Also, when the Spanish-American War broke out, he quit his job to muster a volunteer regiment to invade Cuba. They charged gloriously up San Juan hill. It is such a Gryffindor thing to do.
Other Gryffindors: Andrew Jackson, much as I hate him. (It always bothered me that the Gryffindors are always good in Harry Potter. Courage is an important part of being a good person, but it's not a magical stairway to heaven.) Possibly Grant? I don't know enough about him to decide definitively - I'm going mostly on the fact that he's a general, and they're brave, right? (He's clearly not a Slytherin. No political sense at all.)
However, our other two general presidents, Washington and Eisenhower, I'd both put in Hufflepuff: Washington for his vast sense of duty, and Eisenhower because of his avuncular geniality. They weren't overwhelming clever or brash or cunning, but they were great stabilizing forces, and both very popular in their times. Hufflepuff presidents: surprisingly effective!
(Hufflepuff never really recovers from its presentation in the first Harry Potter book. Slytherin may be evil, but Hufflepuff is the "oh no don't sort me there!" house.)
I'd say Thomas Jefferson as a Ravenclaw: clearly a very bright man, and completely incapable of seeing how his high-falutin ideals might apply to his actual life. This disconnect between thinking and doing seems Ravenclaw to me. I'd put Lincoln here too, although you might be able to claim him - surprisingly enough - for Slytherin, because he was an exceptionally clever politician. But Slytherins generally seem to lack the moral sense that is so central to understanding Lincoln, so he doesn't quite fit. (My dad is a Lincoln buff. It's rubbed off on me.)

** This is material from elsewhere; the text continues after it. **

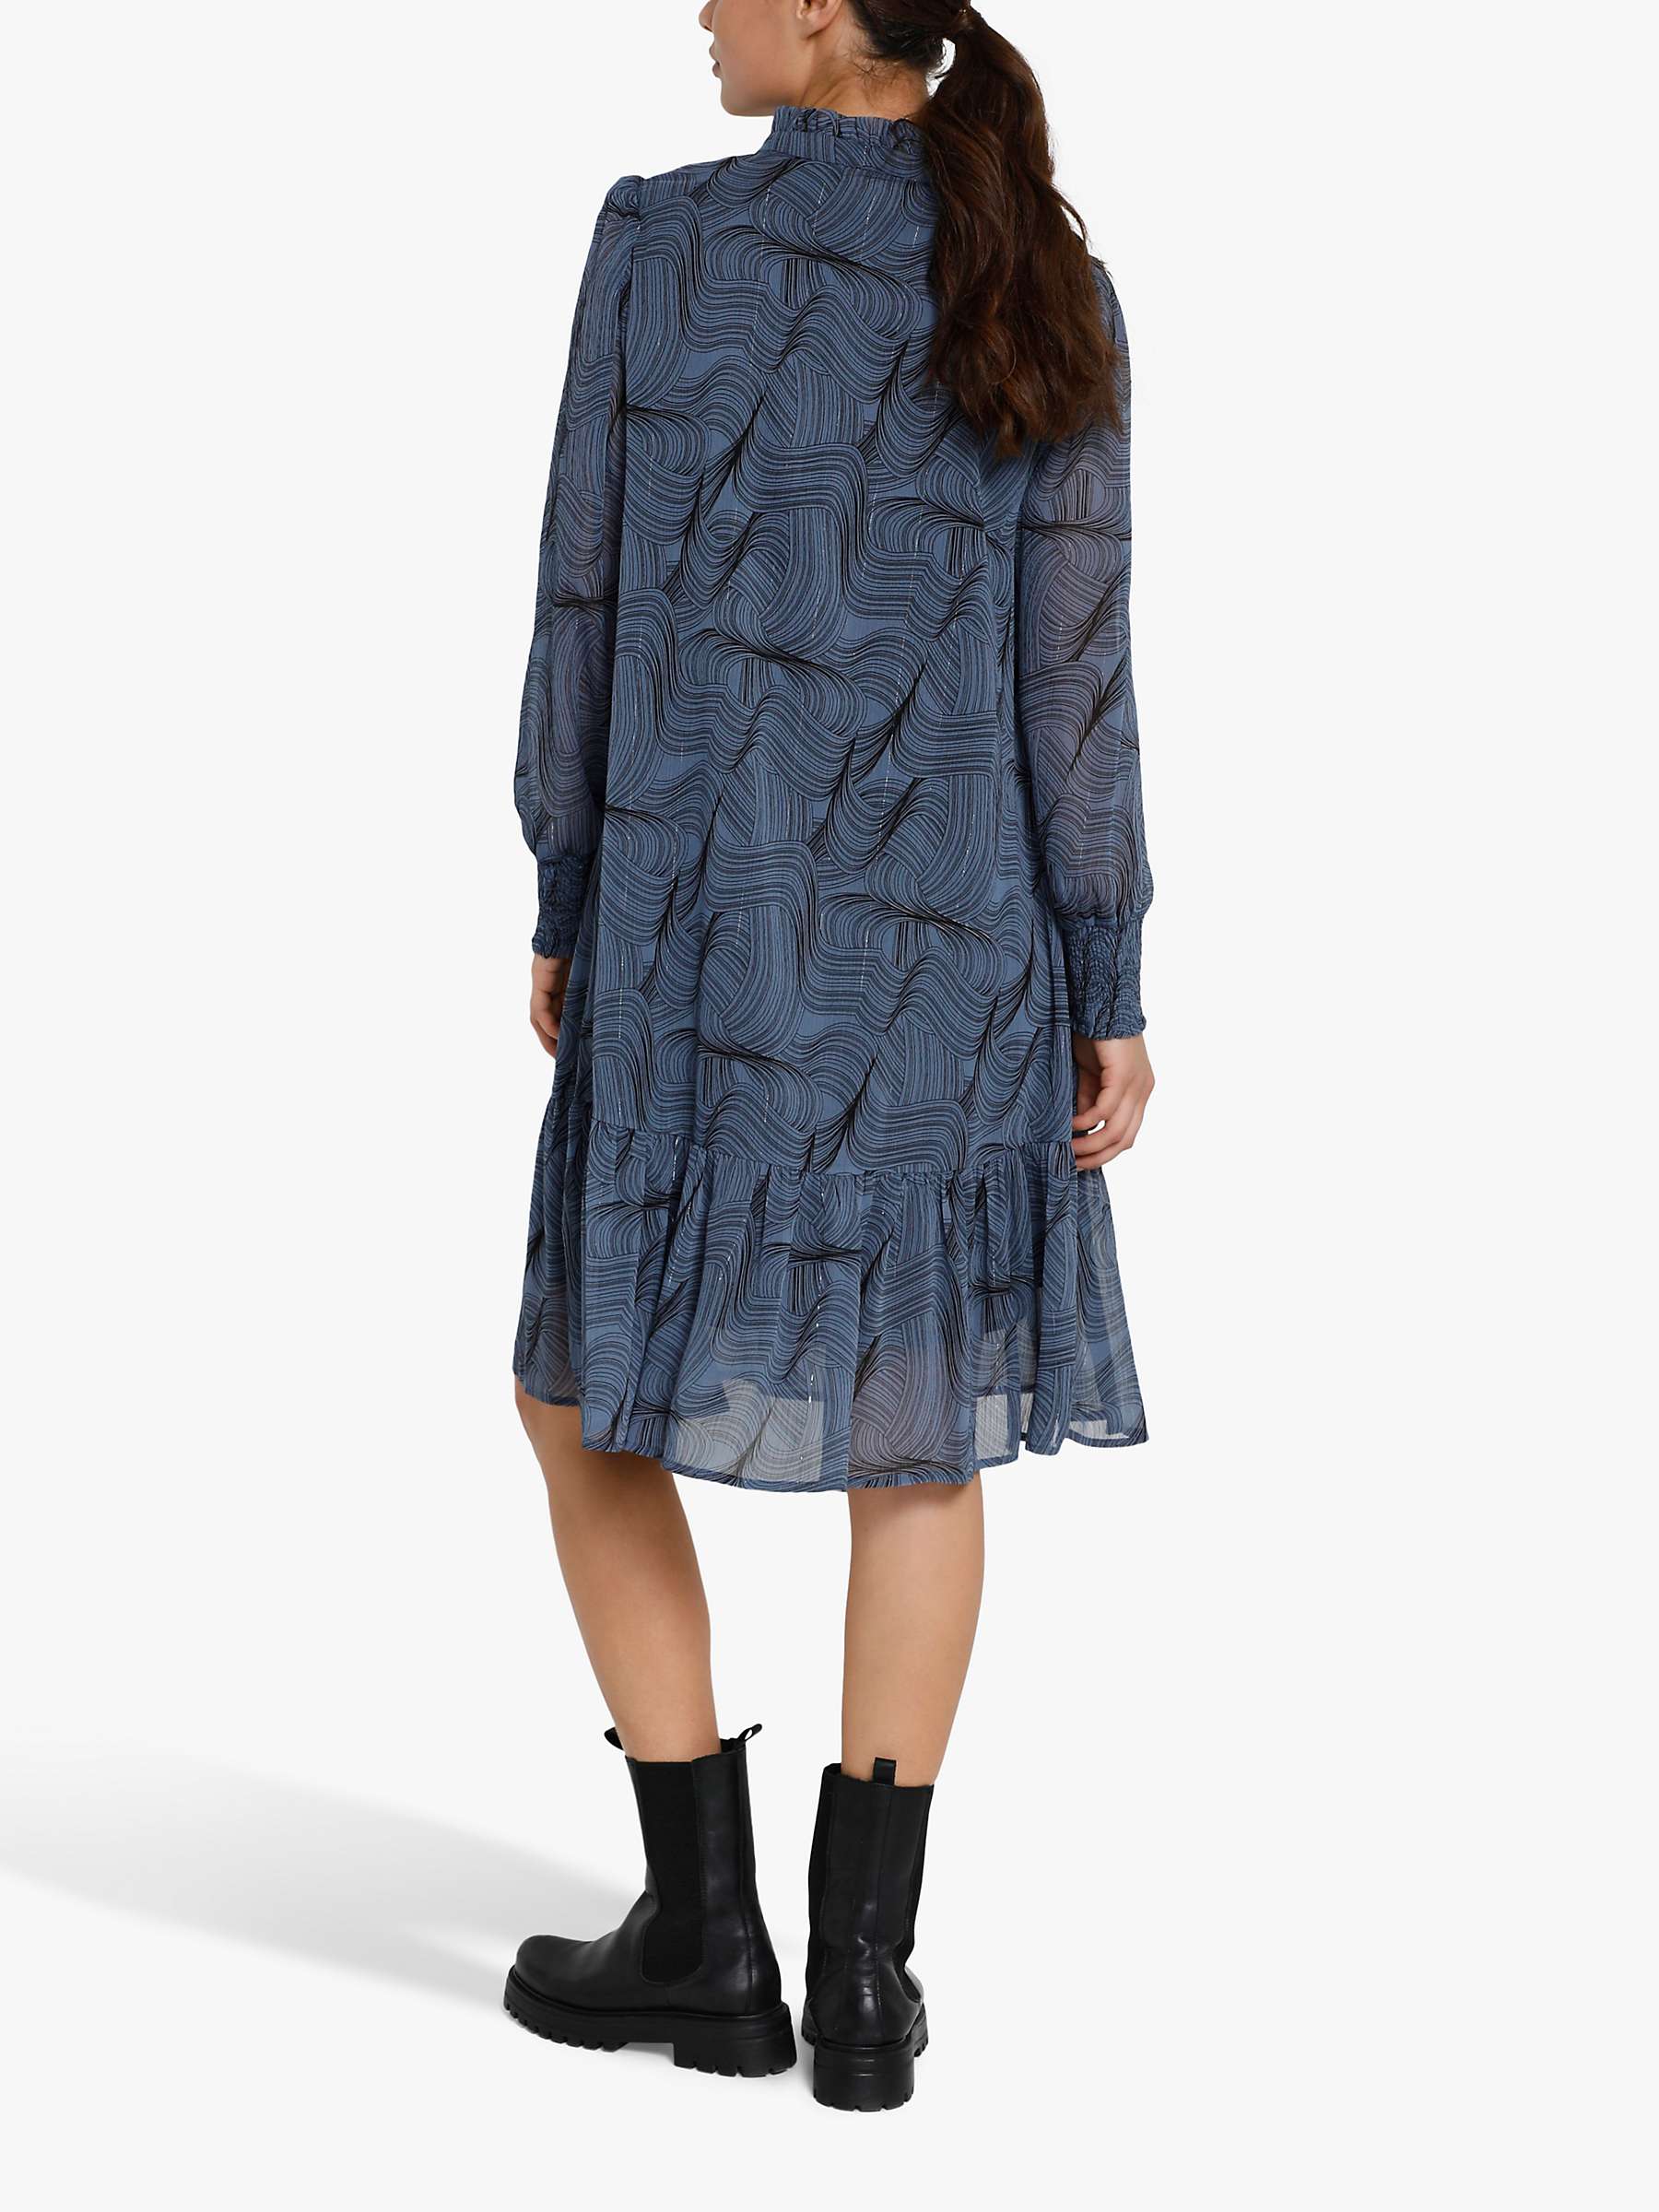 Buy KAFFE Jema Abstract Print Tiered Dress Online at johnlewis.com

And Wilson is so a Ravenclaw, too. I'd like to put him in Slytherin, purely out of spleen, but he clearly doesn't have the cunning God gave a goose so that would work.

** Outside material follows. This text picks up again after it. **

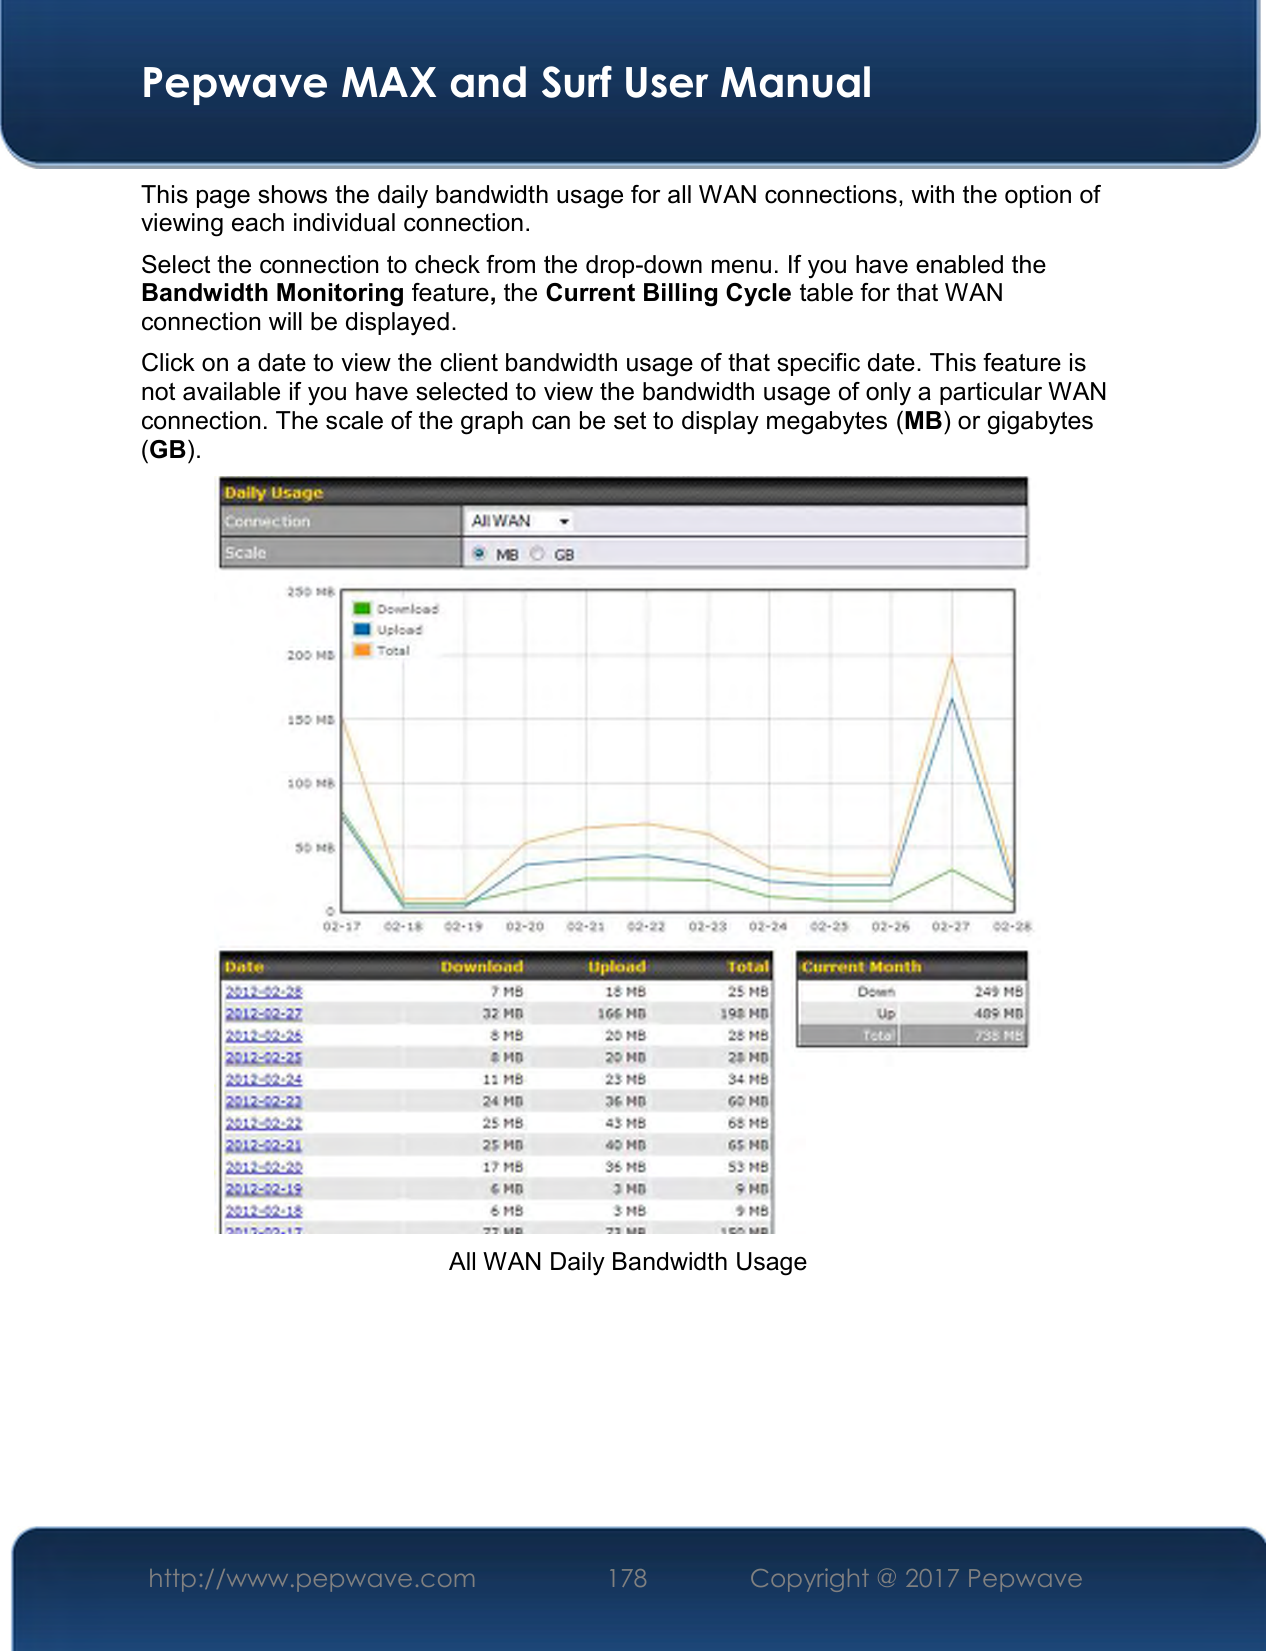  Pepwave MAX and Surf User Manual http://www.pepwave.com  178    Copyright @ 2017 Pepwave   This page shows the daily bandwidth usage for all WAN connections, with the option of viewing each individual connection.  Select the connection to check from the drop-down menu. If you have enabled the Bandwidth Monitoring feature, the Current Billing Cycle table for that WAN connection will be displayed. Click on a date to view the client bandwidth usage of that specific date. This feature is not available if you have selected to view the bandwidth usage of only a particular WAN connection. The scale of the graph can be set to display megabytes (MB) or gigabytes (GB).  All WAN Daily Bandwidth Usage

And Slytherin? Tricky Dick Nixon, obviously. Otherwise it's hard to tell...it feels like a massive indictment of character to say "This guy! He's a Slytherin! JUST LIKE VOLDEMORT." But if we're including non-presidential founding fathers...Alexander Hamilton. Slytherin all the way.
Comments? Questions? Furious rebuttals? Anyone I totally should have sorted who I missed?
no subject
Obviously Slytherin makes lots of sense too, but I think the argument could be made.
Also I so agree with Hamilton's placement. The man is without a doubt my favorite Founding Father, but he's such a Slytherin.
John Adams would be a Ravenclaw though.
no subject
Hmm, I don't know as much about John Adams. My main impression of him is from the musical 1776, where he's kind of a brainiac Gryffindor - like an even more socially inept Hermione - have you seen this movie? It's kind of ace. There's a song where Adams refuses to write the Declaration of Independence because "if I'm the one to do it, they'll run their quill pens through it, I'm obnoxious and disliked, you know that sir."
Um, but obviously that's a musical and not real history.
What do you think Madison would be?
John Adams superfan here
Madison is a tough sort but I think I've typically put him in Hufflepuff. He was very "behind the scenes" for quite some time, working really really hard to put together the R-D platform while giving Jefferson "party leader" credit. He was highly practical and methodical, and I never quite got the same sense of ambition from him as I did of ... everyone else.
I can agree on Washington as Hufflepuff though I think I used to put him with Slytherin -- though he was always very Slytherpuff. It depends whether you think his "oh no I don't want to govern" was genuine or just really really really well-played. But he was HIGHLY concerned with reputation and appearance and propriety and did little subtle things to establish himself (like wearing his old uniform to Congress before being appointed General, or knowing how to stay above the fray) that make me able to believe that it was the latter.
Re: John Adams superfan here
Washington is a tricky case. I think his "I don't want to govern" schtick must have been at least partly genuine, because he did step down in the end, so for that reason I'd say Hufflepuff. Power was never his highest aim, as it would be if he was Slytherin, though he certainly didn't mind having it handed to him on a silver platter.
Definitely not Gryffindor, though. He was brave, but not at all foolhardy (not that Gryffindors have to be foolhardy, but it seems to be one of their common failure modes), and he doesn't seem to thirst for glory as most Gryffindors do.